News

Locks impending for Student Center

Card-access doors overnight for W20, precise times still undecided

The Campus Activities Complex (CAC) plans to replace the nearly 25-year-old front doors of the Student Center with new doors equipped with locks and card readers.

“The doors on the building are quite old,” said Phillip J. Walsh, director of the CAC. “They don’t close properly, they don’t seal, they don’t really keep in the heat in the winter and the cooling in the summer.”

Two of the five new doors will also have card readers installed, which will allow only MIT cardholders access to the Student Center during the late hours of the night. The CAC Advisory Board, which consists of about 15 representatives from different student governments and groups, has been charged with setting the nighttime locking hours for the Student Center. According to Geoffrey G. Thomas, a graduate student on the Advisory Board, the CAC is looking to lock the Student Center after all events have ended for the night, and reopen in the morning before business hours.

According to Thomas, concern for student safety is “one of the bigger reasons that they want to do this.”

“We regularly have an issue, I guess you could say, with transients and folks that come into the building because it’s so open,” said Walsh. “This would be a way to try to address that.”

Aleksandar F. Radovic-Moreno, an MIT graduate student, said that he’s seen people “that definitely don’t look like students hanging around for several hours at a time.”

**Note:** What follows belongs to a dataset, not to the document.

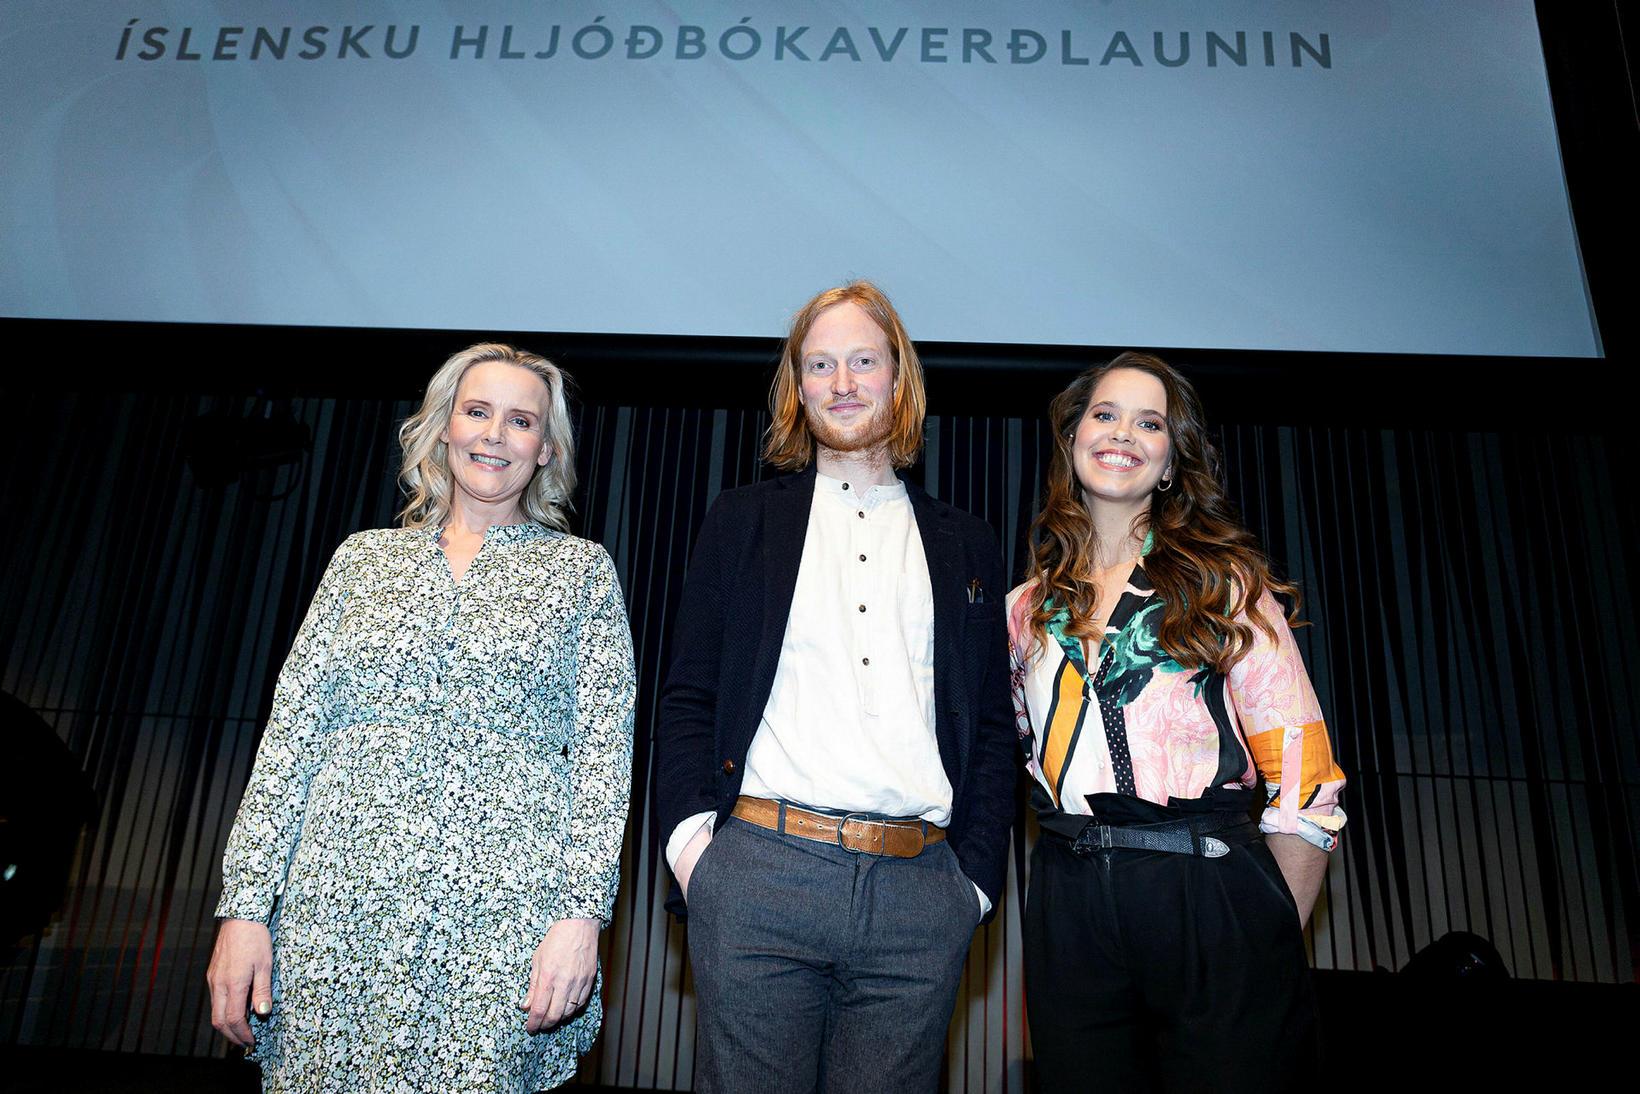 Elva Ósk Ólafsdóttir, Sverrir Norland og Guðrún Sóley Gestsdóttir.

According to MIT police logs dated between Sept. 26 and Oct. 18 of this year, campus police responded to four separate incidents in which homeless subjects were issued trespass warnings after being found asleep in the Student Center. On Sept. 29 at 4:12 a.m., two homeless people were found asleep in the Student Center. Both were given trespass warnings. Again, on Oct. 1 at 5:40 a.m., two homeless people were issued trespass warnings.

The locks on the Student Center should only serve to deter non-MIT cardholders from accessing the Student Center late at night, and Thomas expects them to have no impact on MIT affiliates.

“I don’t see any downside to it,” added Radovic-Moreno. “I carry around my ID card at all times … so I don’t see how that would impact me negatively in any way.”

The CAC has already put in an order for the doors, and facilities is waiting on sufficient funding to go through with the project .

“Right now we’re waiting for verification that the doors have been ordered,” said Walsh. “This is a fairly expensive project, so it has to come out of facility budgets.”

The CAC hopes to install the doors by the beginning of spring term.